Practical approach to Arm Neon Optimization

Arm Neon was introduced to improve multimedia encoding/decoding, UI, graphics and gaming related features running on mobile devices. Over the years, it has been used to accelerate signal processing algorithms and functions, to speed up not only the multimedia audio and video applications but foray into deep learning and AI related applications such as voice recognition, facial recognition and computer vision. Neon Architecture provides flexibility, support for various data types and is open-sourced, one of the key reasons that applications are able to capitalize on these features. 

This blog is presented as a guide with practical points about the Arm Neon architecture that every software developer can use.

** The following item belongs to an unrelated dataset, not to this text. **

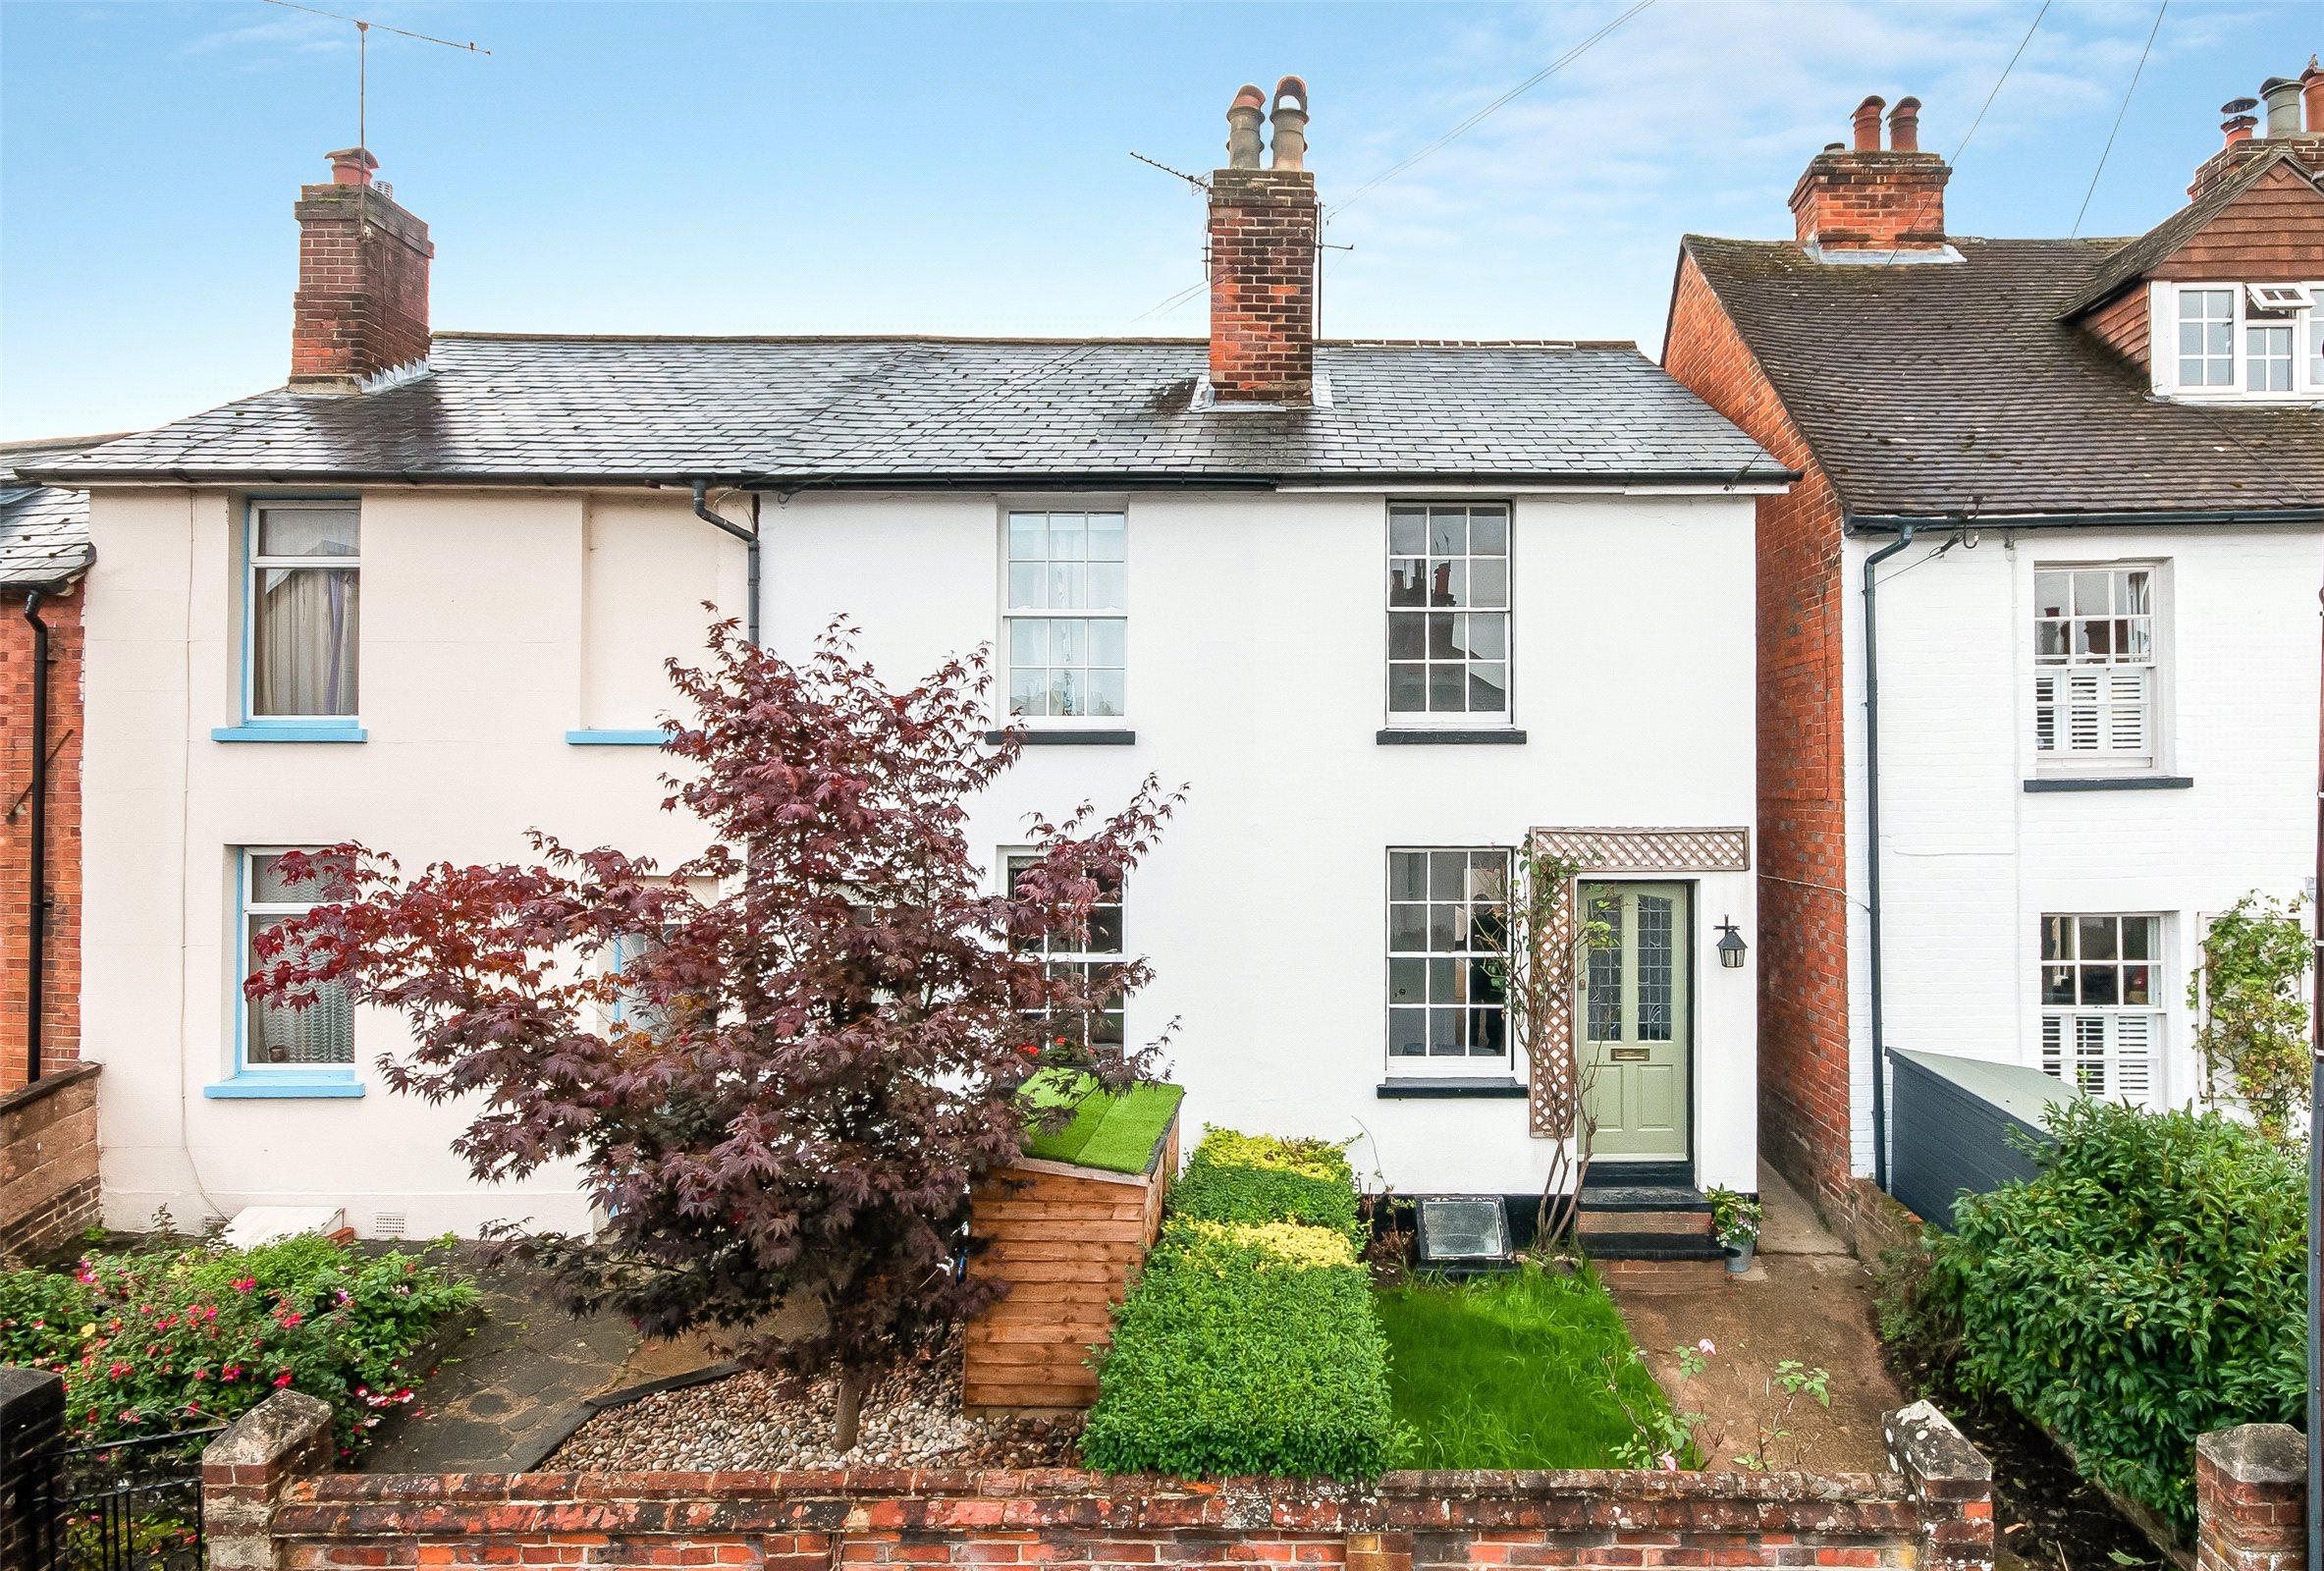 2 Bedrooms House for sale in Arundel Road, Dorking, Surrey, RH4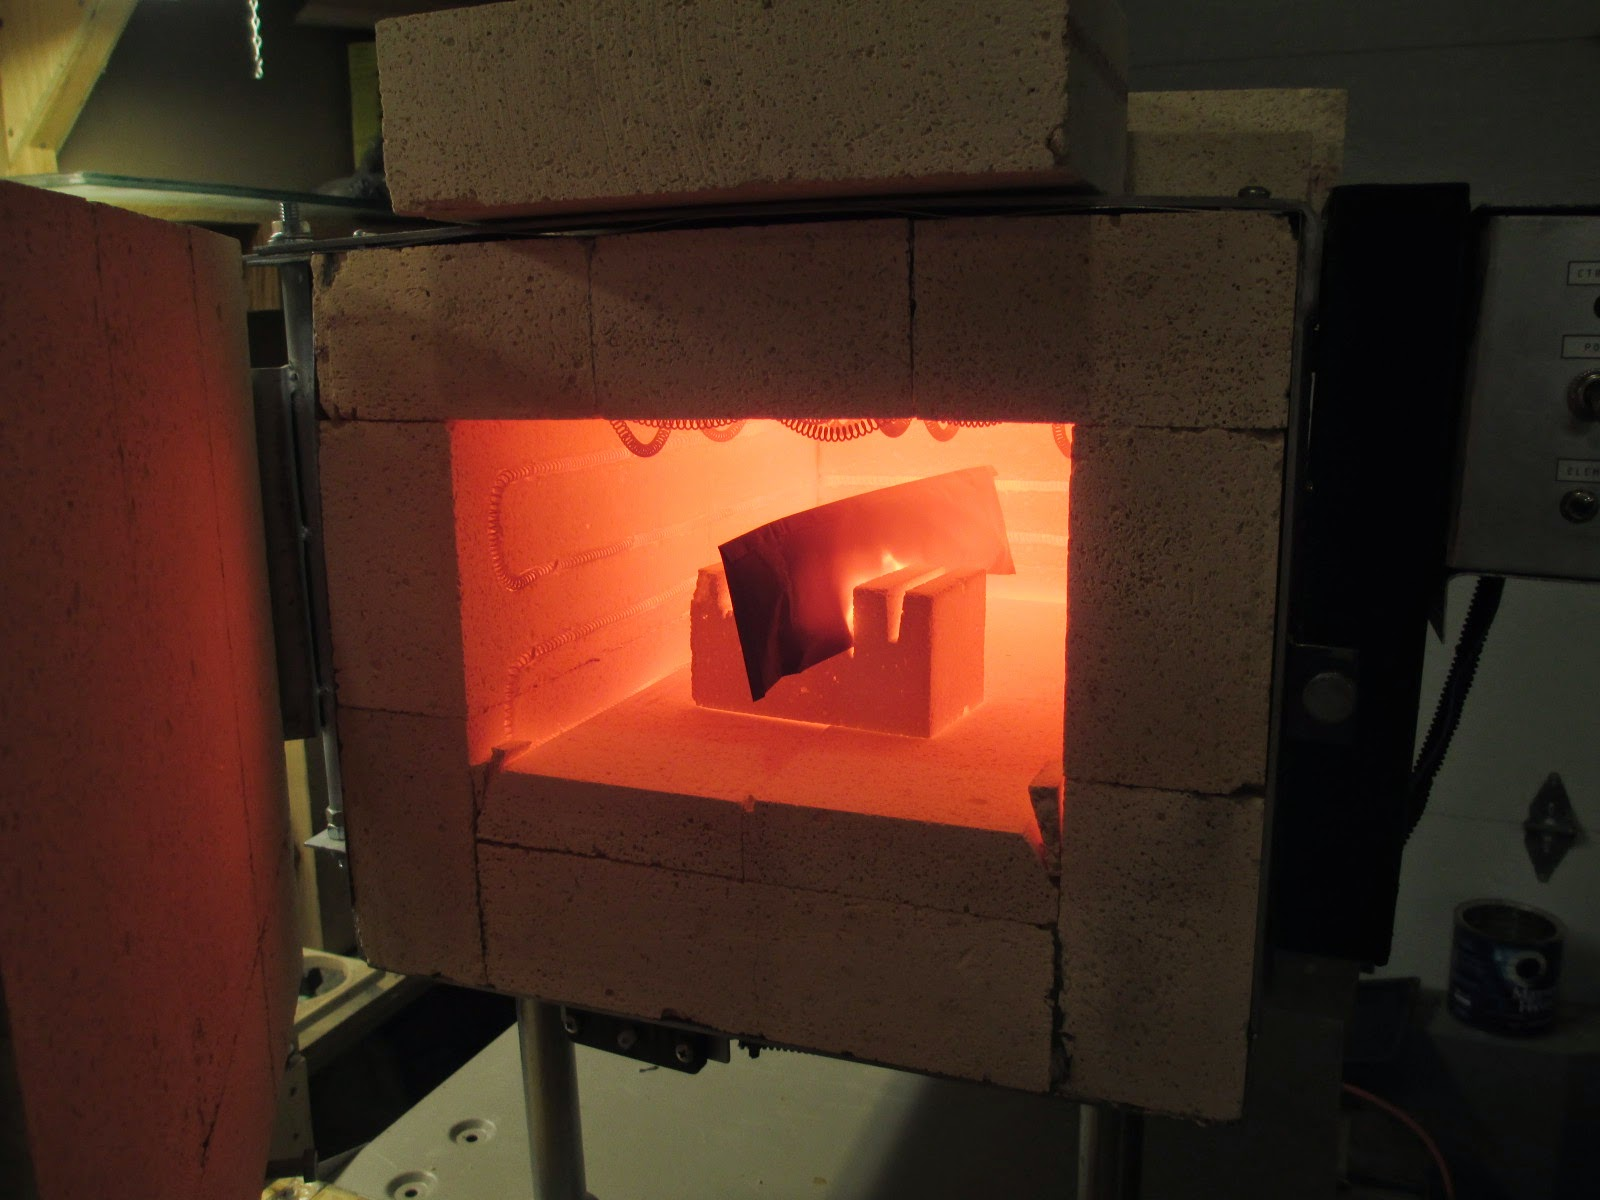 Heat Treating Oven : Diy knifemaker s info center dh heat treatment

Arm Neon Architecture across versions

Even though the concept of the Neon is the same across multiple versions, there is a difference in how it is implemented. The major differences between Neon architecture in the Armv7 (32bit) and Armv8 (64bit) are as follows:

  • In Armv7, there are Q0-Q15, 128-bit registers, which are also accessible as D0-D31 64-bit registers or S0-S31 32-bit registers. Where as in the case of Armv8 there are 32X128-bit registers, which are named as V0 to V31.  But there is no longer D0-D63. There is only D0 to D31 and S0 to S31. This is because the double word or VFP registers are placed in the lower part of the quad word V0-V31 registers. So, while instructions operate on the lower half, they automatically zero the upper part of the V register. 
  • Since the arrangement of the registers is changed in Armv8, there are changes in the permutation instructions (reordering data, such as zip, unzip or transpose), which work differently. The permutation instruction works in-place in Armv7, but in Armv8 they require a target register.
  • Because of the above-mentioned architecture changes, the Armv8 assembly codes are not backward compatible. Developers need to reanalyze, often resulting in an entirely different solution.
Arm Neon Development Support

Arm and its community provide different possibilities for a developer to make use of the Neon technologies:

  • Auto-vectorization feature by compiler: Arm compilers have the capability to generate the optimized SIMD code to take advantage of Neon. In case of design time and cost, this feature is an advantage for the developer. But, in case of complex algorithms the compiler generated code won’t be optimized enough. In such cases developers have to look through intrinsics of hand tuned assemblies. The auto-vectorization includes:

Loop vectorization: unrolling loops to reduce the number of iterations, while performing more operations in each iteration.

Superword-Level Parallelism (SLP) vectorization: bundling scalar operations together to make use of full width Advanced SIMD instructions. In Armv8 architecture, Neon is enabled by default, the developer can specify Neon-capable target to target Armv8 AArch64 or specify cpu in Cortex‑A53 in AArch32 state.

In Armv7 architecture, Neon is optional. Developers can enable the Neon module using the compiler options such as -mcpu, -march and -mfpu . And auto-vectorization is enabled by default at higher optimization levels ( -O2 and higher). And -fno-vectorize settings help to disable auto-vectorization. At optimization level -O1, auto-vectorization is disabled by default. -fvectorize option lets you enable auto-vectorization. At optimization level -O0, auto-vectorization is always disabled. If you specify the -fvectorize option, the compiler ignores it.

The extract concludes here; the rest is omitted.